Ons doel die dag was de Umm as Samim, the Mother of Poison, de sabkha of zoutwoestijn op de grens met Saoedi-Arabië. Zoutwoestijnen ontstaan doordat grondwater uit de bergen ondergronds naar het binnenland sijpelt. Dit water verzamelt zich dicht onder de oppervlakte in de laagstgelegen gebieden. Onderweg lost zout uit de gesteenten in het water op. In de hete woestijn verdampt vervolgens het grondwater, maar het zout blijft achter. Zo komt er steeds meer zout in de bodem, zodat er uiteindelijk een zoutkorst aan het oppervlak ontstaat. Vroeger groeven bedoeïnen het zout af en vervoerden het per kameel naar de kust (de "zoutkaravaan") waar ze het verkochten.
De sabkha is vlak zover je kunt zien, zo plat als een polder. Er groeit helemaal niets. Er is geen leven, geen beesten, geen vogels, niets. Er is dus ook helemaal geen geluid. Het enige wat je hoort, is de Grote Stilte. De zoutkorst is in stukken gebroken en lijkt nog het meest op van dat slechte ijs dat ontstaat als het veel sneeuwt terwijl het vriest. Alleen zijn de zoutschotsen donkerbruin/grijzig van kleur omdat ze vermengd zijn met zand. Hier en daar steken er vuistdikke, pure zoutkristallen doorheen, als driedimensionale ijsbloemen.
Maar voor we die sabkha gevonden hadden! Eindeloos over al die sporen rondgesnord rondom het olieveld Al Huwaisa, verder naar het Westen, vol onbegrip op de topografische kaarten turend die bezaaid waren met rechte lijnen en grillige rotsen, tot we dan opeens voor een reusachtig blauw bord met "Umm as Samim rechtdoor" (grote pijl) stonden. Inmiddels was het al zes uur dus bijna donker en moesten we een kampeerplaats zoeken. Gelukkig stond er één lief hoefijzervormig zandduintje op die hele kale vlakte, dus daar hebben we de auto's neergezet.
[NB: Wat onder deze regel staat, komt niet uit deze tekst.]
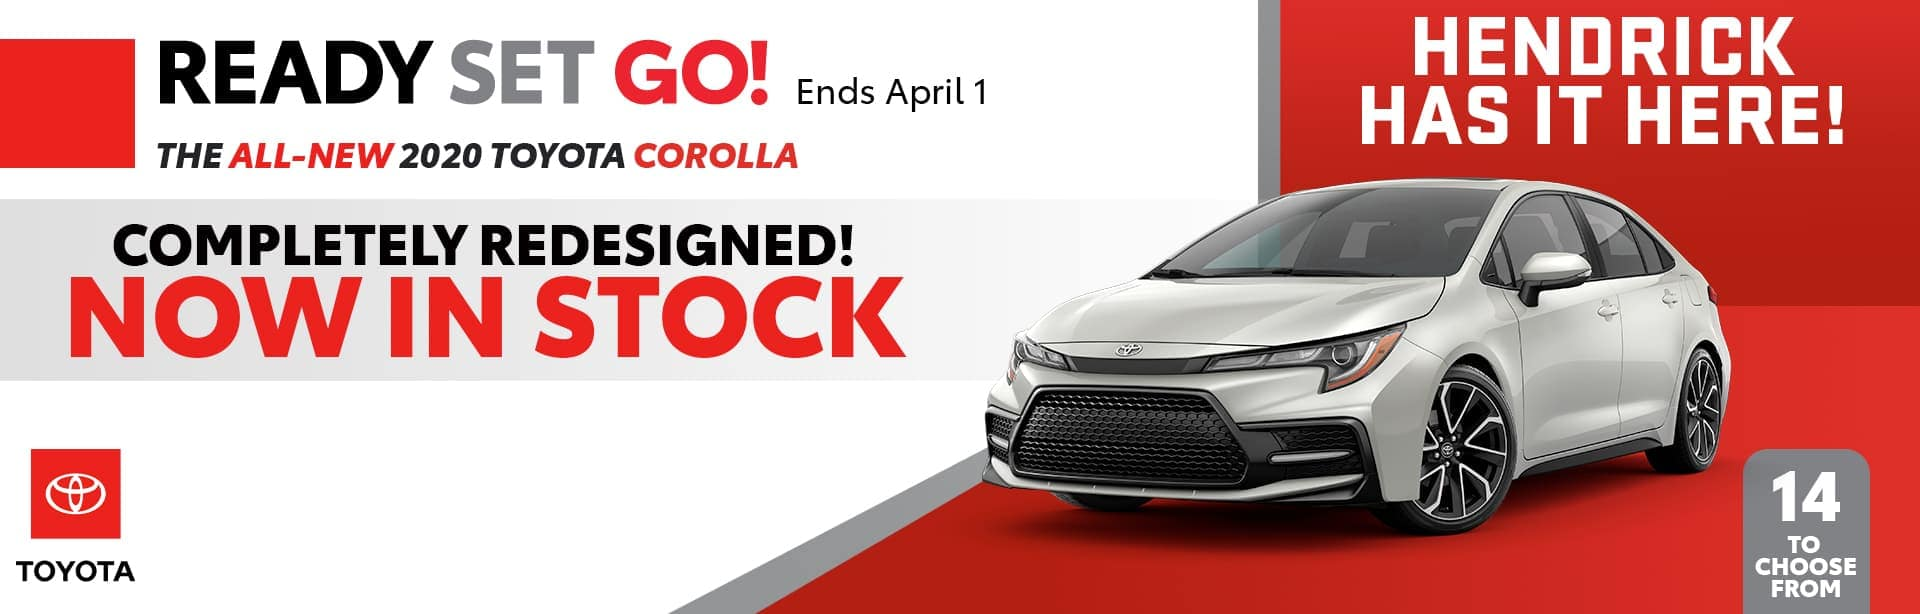 2020 Toyota Corolla promo banner

Een mens is altijd op zoek naar geborgenheid.
Het was het enige in de verre omtrek dat beschutting bood tegen de storm, die ons onverwacht bij de kleren greep toen we met stijve benen uit de auto klommen. Niets hadden we er van gemerkt terwijl we reden, want nergens hadden we het aan gezien. Niets bewoog immers. Geen wonder dat kinderen denken dat bomen de wind maken. Beschutting was hard nodig, want het werd spoedig ijzig koud. Vijf graden! Dus na ons maal van opgewarmde macaroni en het sterrenkijken met de verrekijker, wat een sprookjesachtige pracht, zijn we gauw in bed gekropen, in de auto en niet buiten onder onze klamboes.
Wat is dat onvoorstelbaar, zo'n heldere sterrenhemel, echt the silver pepper of the stars, en ik had nooit gedacht dat je er met een gewone verrekijker zoveel meer van zou zien. Ik voelde me helemaal in het niets verzinken, in het heelal opgenomen worden toen ik daar omhoog lag te staren, in die oneindige, donkere, stralende koepel die over de hele wereld was neergelaten als een stolp. Doodse stilte, diepe koude, en je dan realiseren dat generaties mensen hier altijd geleefd hebben, met deze zelfde sterren als kompas. Geen wonder dat de astronomie in Arabia is uitgevonden.

deel 1

Dit bericht is geplaatst in autobio met de tags . Bookmark de permalink.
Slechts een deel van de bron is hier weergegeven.